I'm willing to suspend some disbelief when the movie is a science fiction genre piece that takes place in what is still dated to be the future (Los Angeles, 2019).

When the photo enhance nonsense is being applied to ordinary 2D, pixel based digital camera photos in the present day I'm going to laugh and shout "B.S." just about every time.

Last week's episode of 24 had some laughable photo enhance hum-dingers. The computer would zoom into the hospital surveillance camera's shot and at the last zoom level the picture is just magically close up and high resolution -as if the little hallway camera was equipped with a 400mm zoom or something. Trouble is the last zoomed shot was a completely different camera shot from a different angle altogether! Pretty funny.

Quote:
Originally Posted by sharkshark
Does your dad (or you) have a better work to point to, one that is more effective at showing this conflict in a more palatably realistic light?
So far, most dramatic movies involving the war in Iraq have missed the mark in one way or another. My father really liked Taking Chance, the HBO movie starring Kevin Bacon as an officer escorting a fallen Marine home to his final resting place. That show was more simple in its scope, very accurate in its portrayal (due to some help from Dept. of Defense cooperation) yet very emotionally powerful.

Some documentaries seem to be doing a much better (and more fair) job with how the war is portrayed. I was impressed with the HBO documentary Baghdad ER. The PBS show Frontline recently aired a documentary from Danfung Dennis about Marines in Afghanistan, shot using a Canon EOS 5D Mark II. Dennis is now working on expanding the documentary into a feature called Battle for Hearts and Minds. Documentaries like those can be very dramatic, but not in the contrived manner we're used to seeing with conventional dramatic movies and TV shows.

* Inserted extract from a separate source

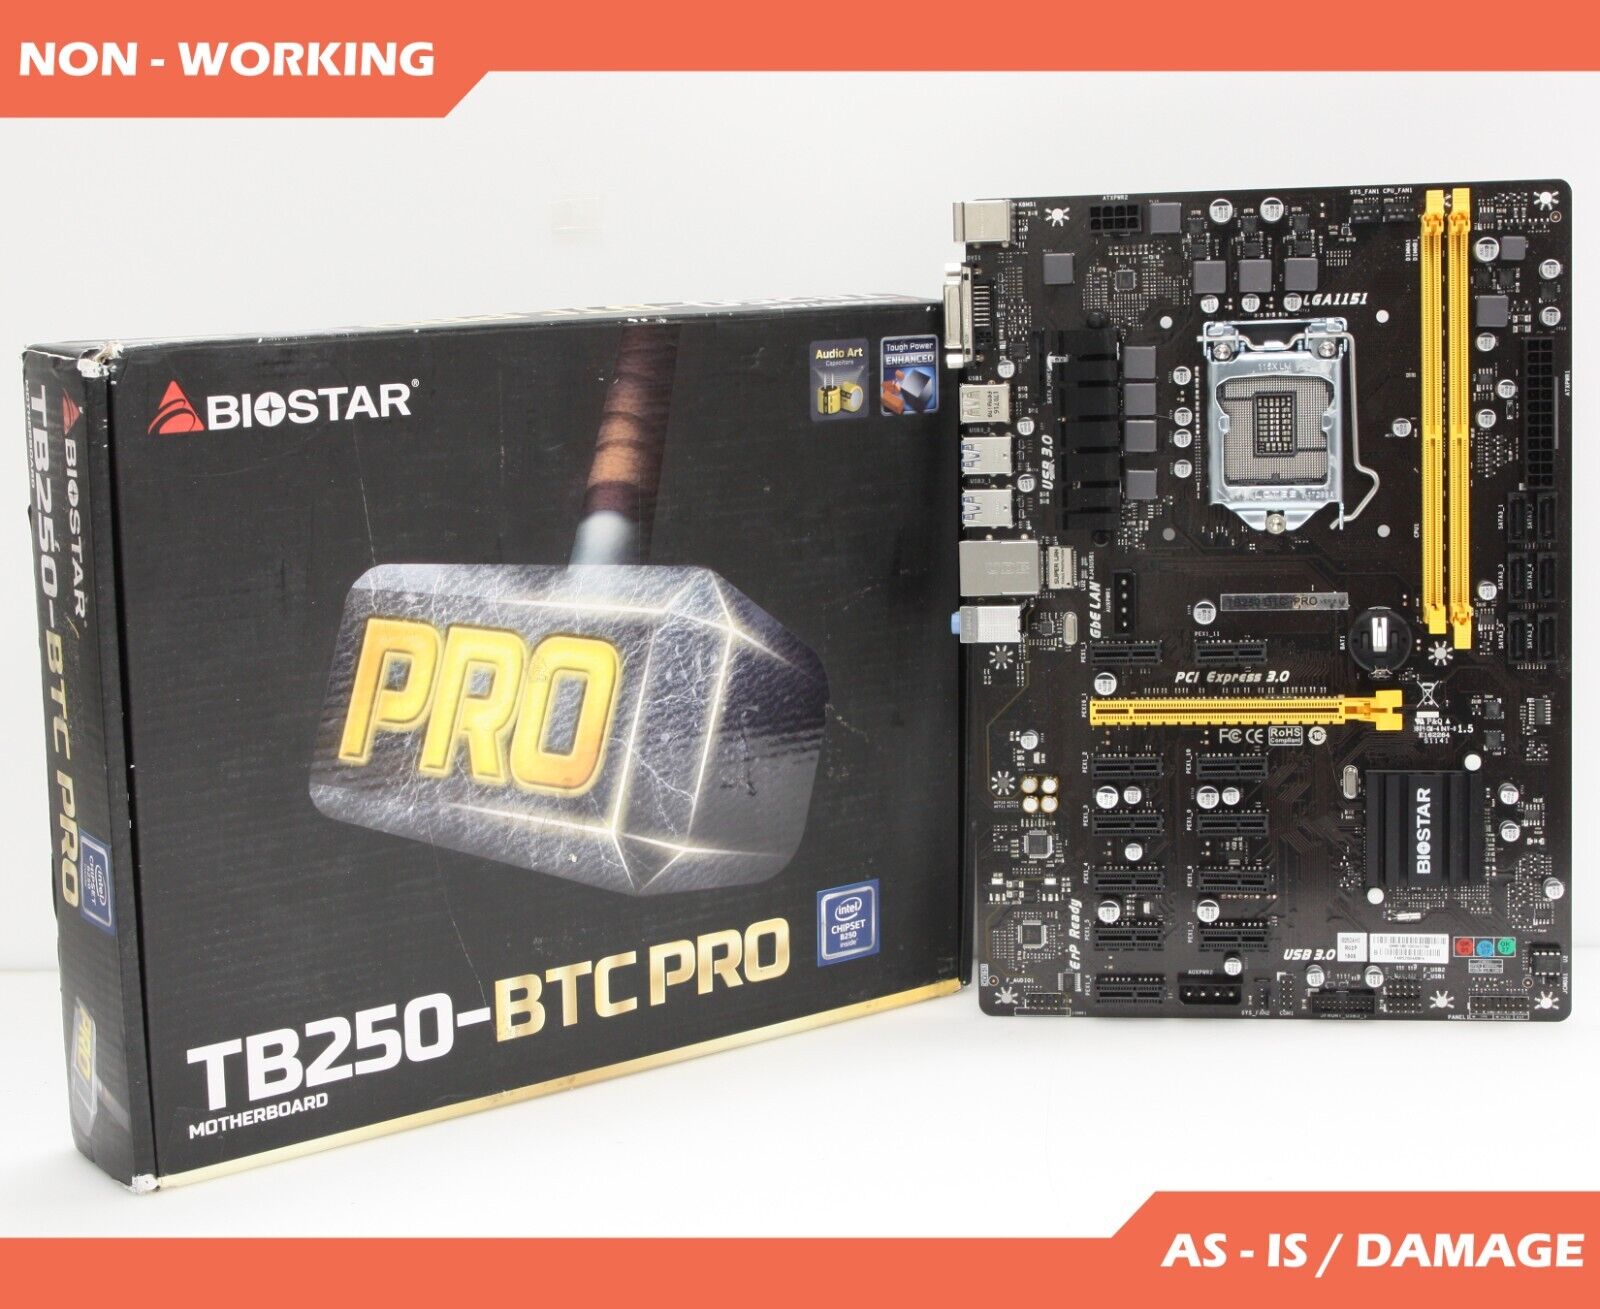 BIOSTAR TB250-BTC Ver 6.1 B250 ATX Intel Mining Motherboard * FOR PARTS *

Movies that are obviously geared as escapist entertainment (as most action movies are) kind of get a pass. We're willing to look past some liberties in exchange for the big, crowd pleasing momnets. But war movies that are sold on the "this is how it is over there" angle need to have all their details straight. Unfortunately, they take many dramatic liberties just like any escapist movie does.

Quote:
Originally Posted by PeterTHX
Finally, the feeback from the stage microphone was killing me. Nobody there noticed it?
Yeah. I noticed it. Terrible. Wasn't Michael Giacchino the one on stage accepting his Oscar when the feedback tried to completely drown out his speech? Or was it someone else?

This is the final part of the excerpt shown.